Select acts preferred to utilize some of their own consoles and effects gear, such as Montreal band Beast, who performed to a massive crowd via mixes on Midas analog consoles at house (XL4) and monitors (H3000).

“They also had a ton of outboard gear and effects,” Tardif adds. “It’s rare that artists come with their own equipment, because it’s usually much easier to just show up with their instruments and a sound engineer.”

The system for the main stage, he notes, is usually an easier one to configure. This year, Meyer MILO 4-way curvilinear arrays flanked the stage, with more flown MILO arrays on delay extending coverage considerably further.

“It’s a large open space, but it’s challenging to place delay towers because the production staff wants to put them wherever they want,” he explains.

“That particular site has a building, the Museum of Contemporary Art, along one side, which we’ve been dealing with for years. We basically steer a line array a bit to cover as much as possible while reaching the full length of the site. It’s quite long and narrow.”

Andrew Hope of GerrAudio making adjustments at the Yamaha PM5D console used for house mixes at the Maisonneuve.

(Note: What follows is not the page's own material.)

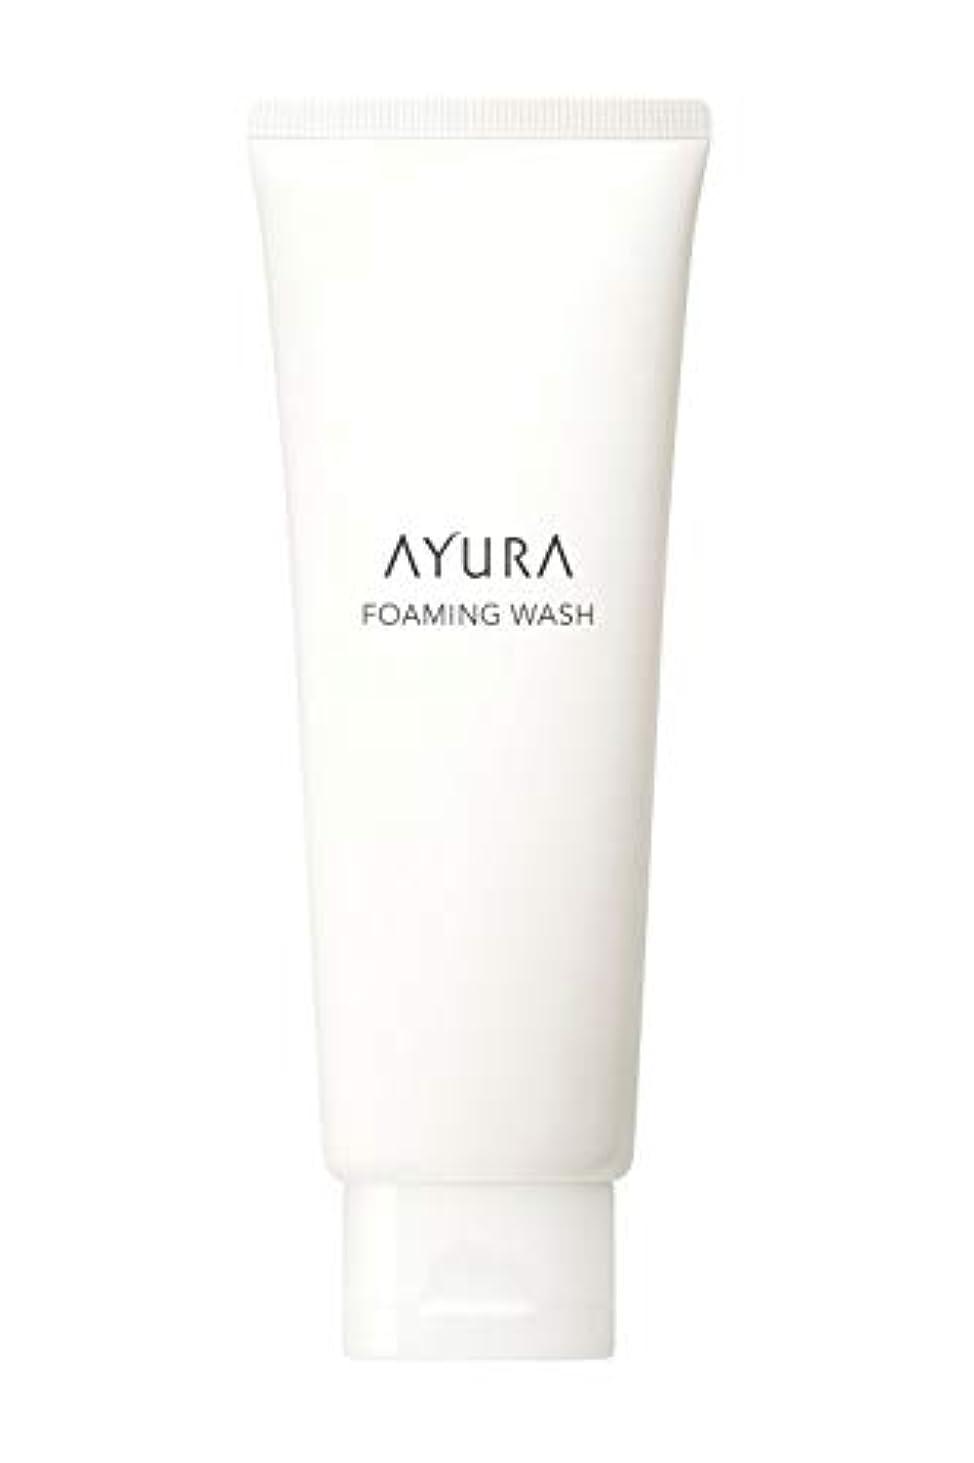 特徴セメントやさしくアユーラ (AYURA) フォーミングウォッシュ 120g 〈 洗顔料 〉 肌をいたわりながら汚れを落とす つるんとやわらかな素肌へ 洗うたびにうるおいを与えるもっちり濃密泡の洗顔料

The main stage house and monitor systems were served by a pair of Yamaha PM5D digital consoles. “We needed the recall,” Tardif states. “We also put a rack with preamps on stage so that both consoles can access their local preamps or the distance preamps, giving users 96 inputs total – 48 at each location.”

Different Approach
Another new location was created this year for the Loto Quebec stage, which was served by recently introduced Meyer JM-1P full-range, arrayable point-source loudspeakers rather than line arrays.

“This stage is located in a green space, an open space, but it’s surrounded by condominiums and businesses,” Tardif says.

“We didn’t want a cabinet that would throw too far, because we knew that would become an issue at night with people living and working nearby. The throws of the horns would be too much using a system any larger than what was employed.

“We were able to cover the whole area using just six boxes – three per side,” he continues. “There were no issues with weight, no issues with power, just the box doing its job. It was great.”

Each JM-1P contains a 15-inch woofer joined by a 4-inch compression driver with a proprietary manifold coupled to a constant-Q horn that provides a 20-degree horizontal by 60-degree vertical coverage.

Components are driven a proprietary 2-channel, class AB/H power amplifier with complementary MOSFET output stages yields an output of 1,275 watts.

The loudspeakers were joined by two Meyer 700 HP dual-18 subwoofers per side on the deck, all tied together with Galileo 616 digital processing.

House mix engineers helmed a Midas XL200 console and had several outboard effects devices available to deploy as needed, including TC Electronic M3000 reverbs, Yamaha SPX9909 multi-effects processors and BSS DPR-402/404 compressors and BSS-504 gates.

A Soundcraft SM24 console anchored the monitor position, joined by Klark-Teknik digital equalization for the JBL JRX115 (single-15) and JRX215 (dual-15) 2-way loudspeakers on stage.